Exercise aim:
Note on the material below: return exactly the lines from the line that holds "Excavator clearing ground" through the line that holds "[Two men using", and leave out each picture.

The input:
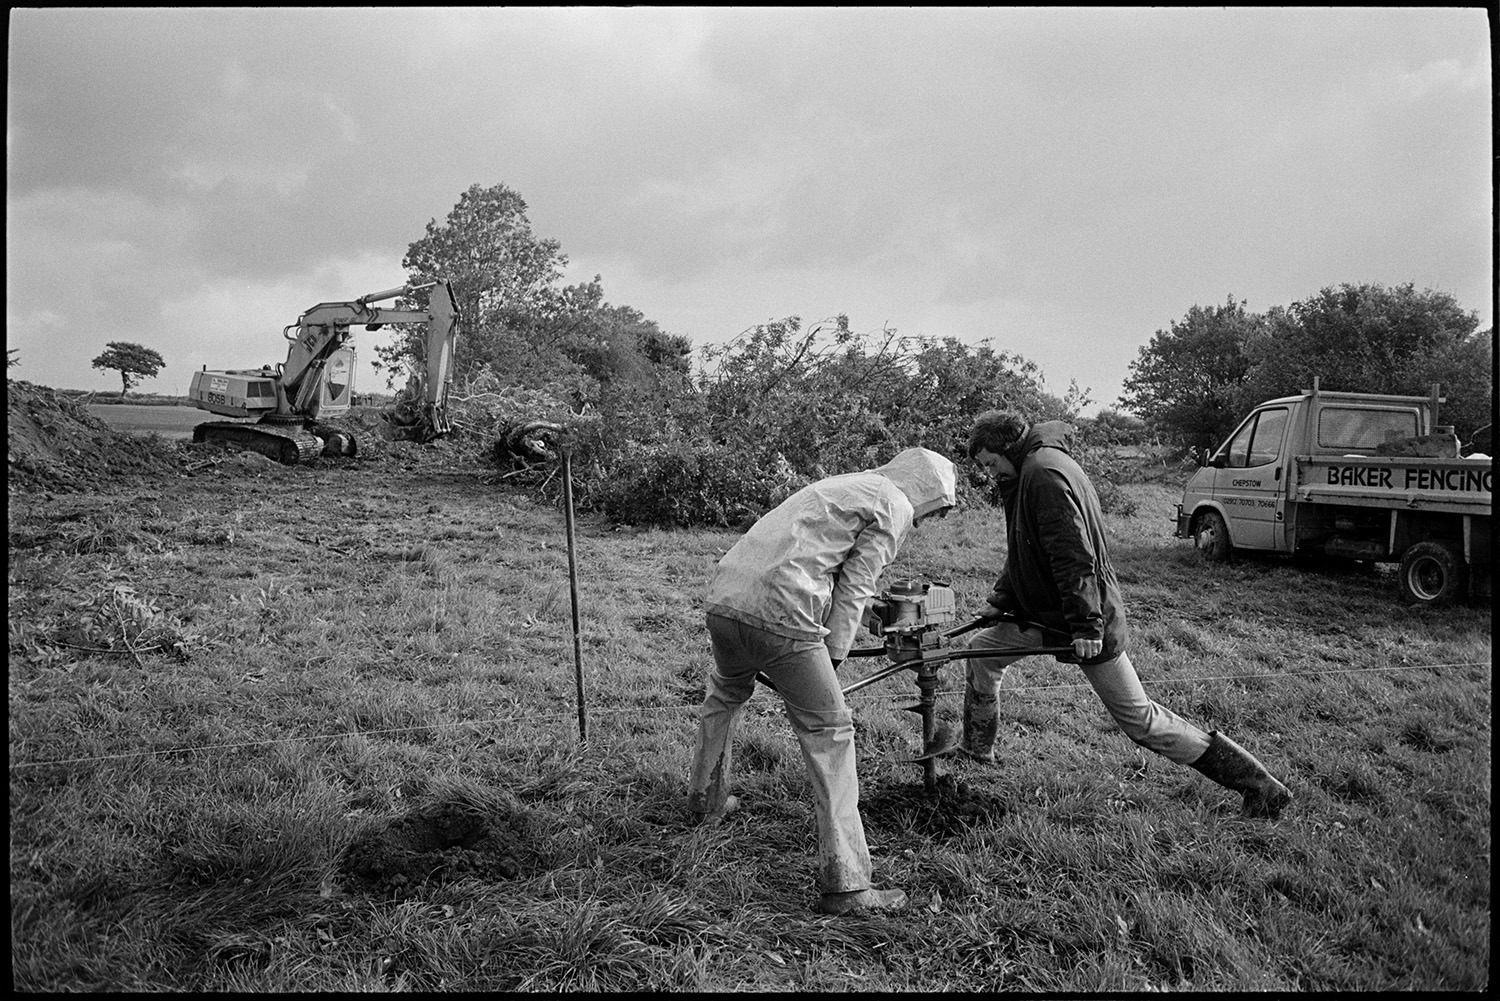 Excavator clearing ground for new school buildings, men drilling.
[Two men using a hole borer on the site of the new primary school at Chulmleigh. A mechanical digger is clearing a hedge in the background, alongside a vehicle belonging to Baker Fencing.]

==

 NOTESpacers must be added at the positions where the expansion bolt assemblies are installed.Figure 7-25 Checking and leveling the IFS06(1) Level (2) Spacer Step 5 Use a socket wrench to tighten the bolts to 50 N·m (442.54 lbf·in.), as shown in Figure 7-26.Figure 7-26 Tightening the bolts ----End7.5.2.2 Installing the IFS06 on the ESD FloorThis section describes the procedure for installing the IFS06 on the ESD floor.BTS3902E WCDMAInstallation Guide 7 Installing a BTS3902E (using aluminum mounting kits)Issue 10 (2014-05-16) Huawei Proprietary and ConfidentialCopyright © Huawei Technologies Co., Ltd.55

* * *

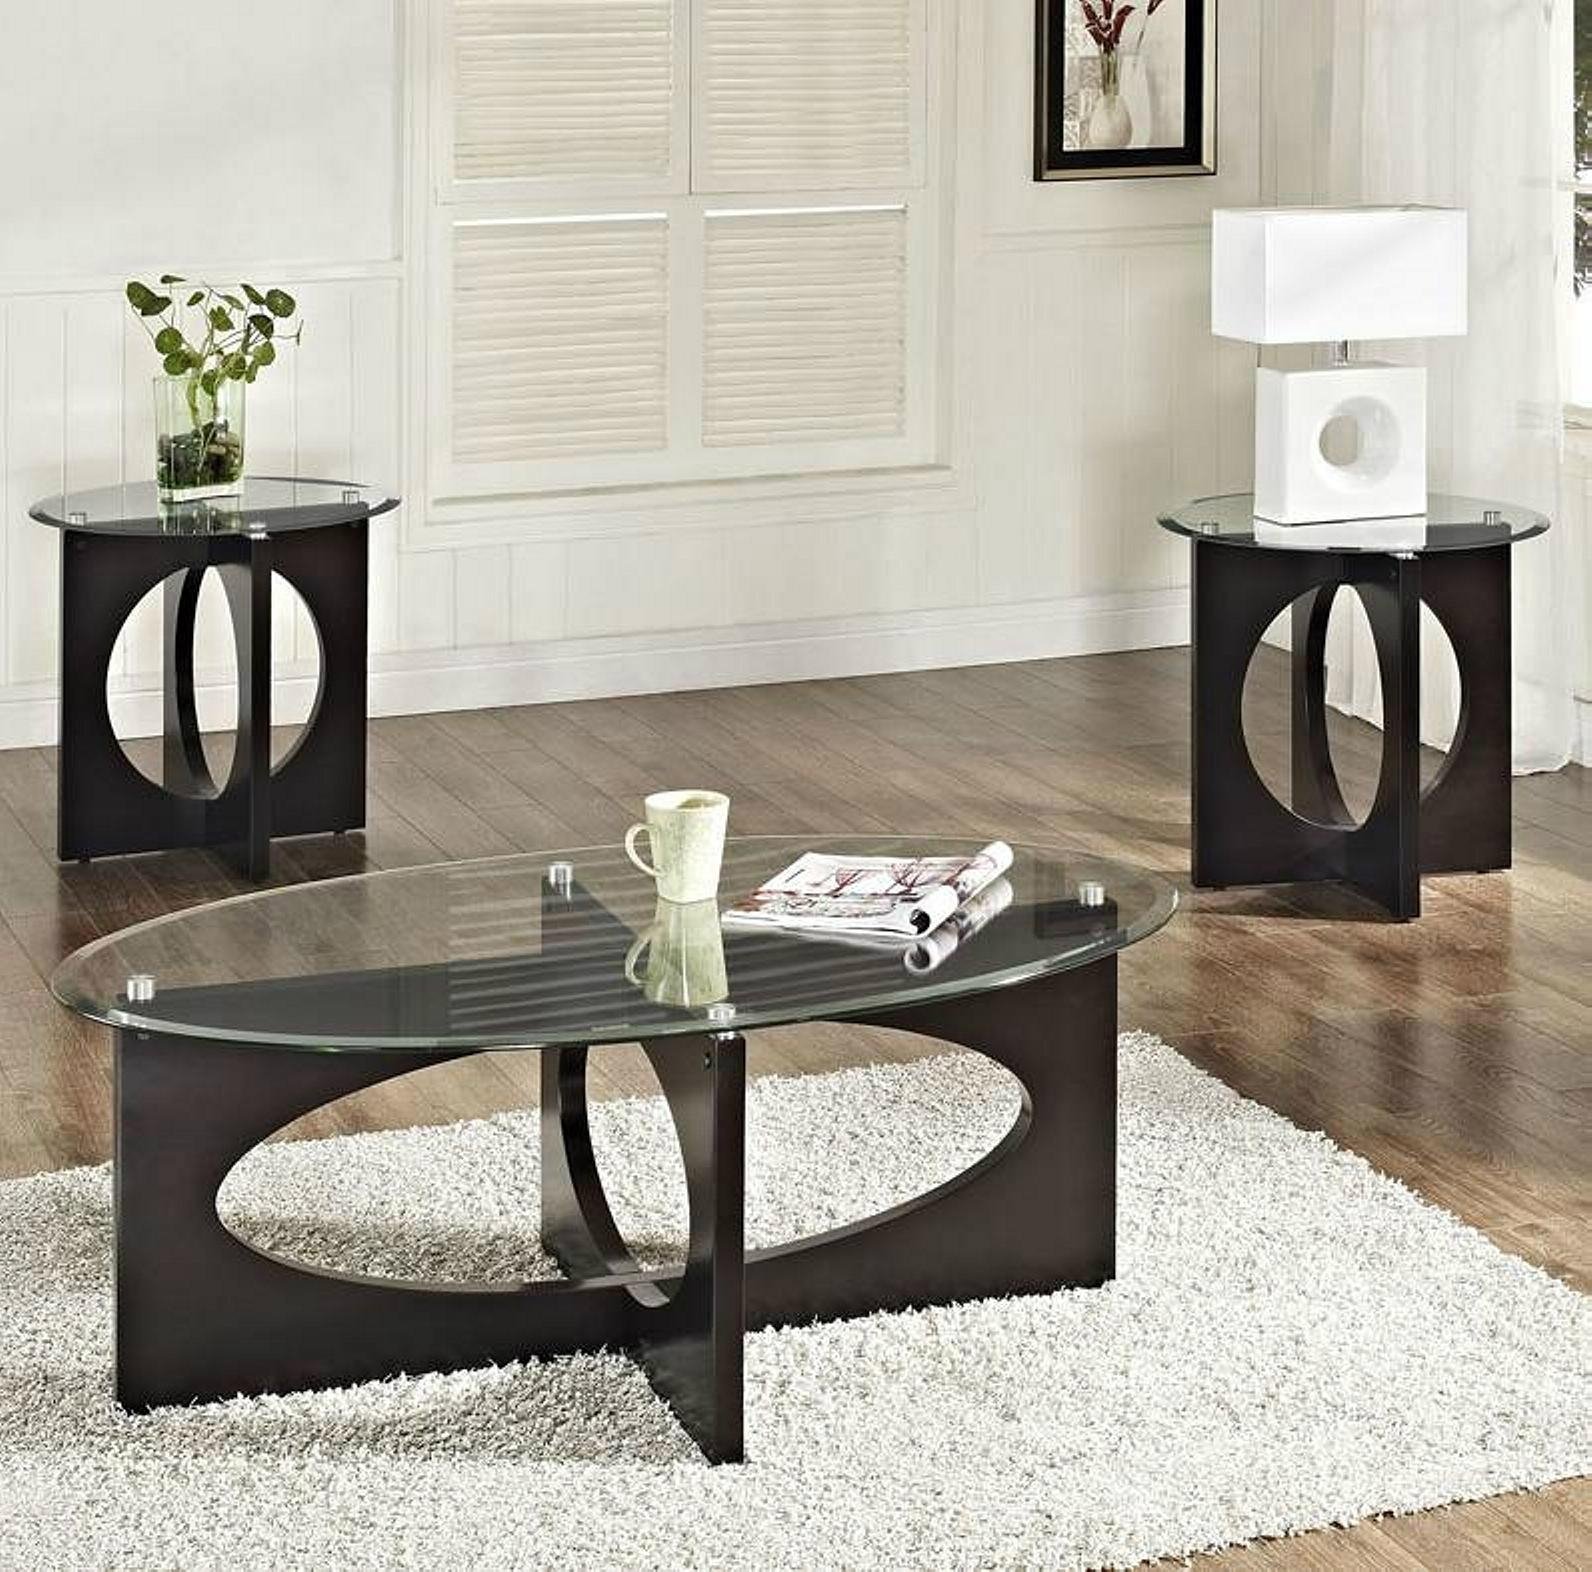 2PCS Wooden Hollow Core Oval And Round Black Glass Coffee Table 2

Completed exercise:
 Excavator clearing ground for new school buildings, men drilling.
[Two men using a hole borer on the site of the new primary school at Chulmleigh. A mechanical digger is clearing a hedge in the background, alongside a vehicle belonging to Baker Fencing.]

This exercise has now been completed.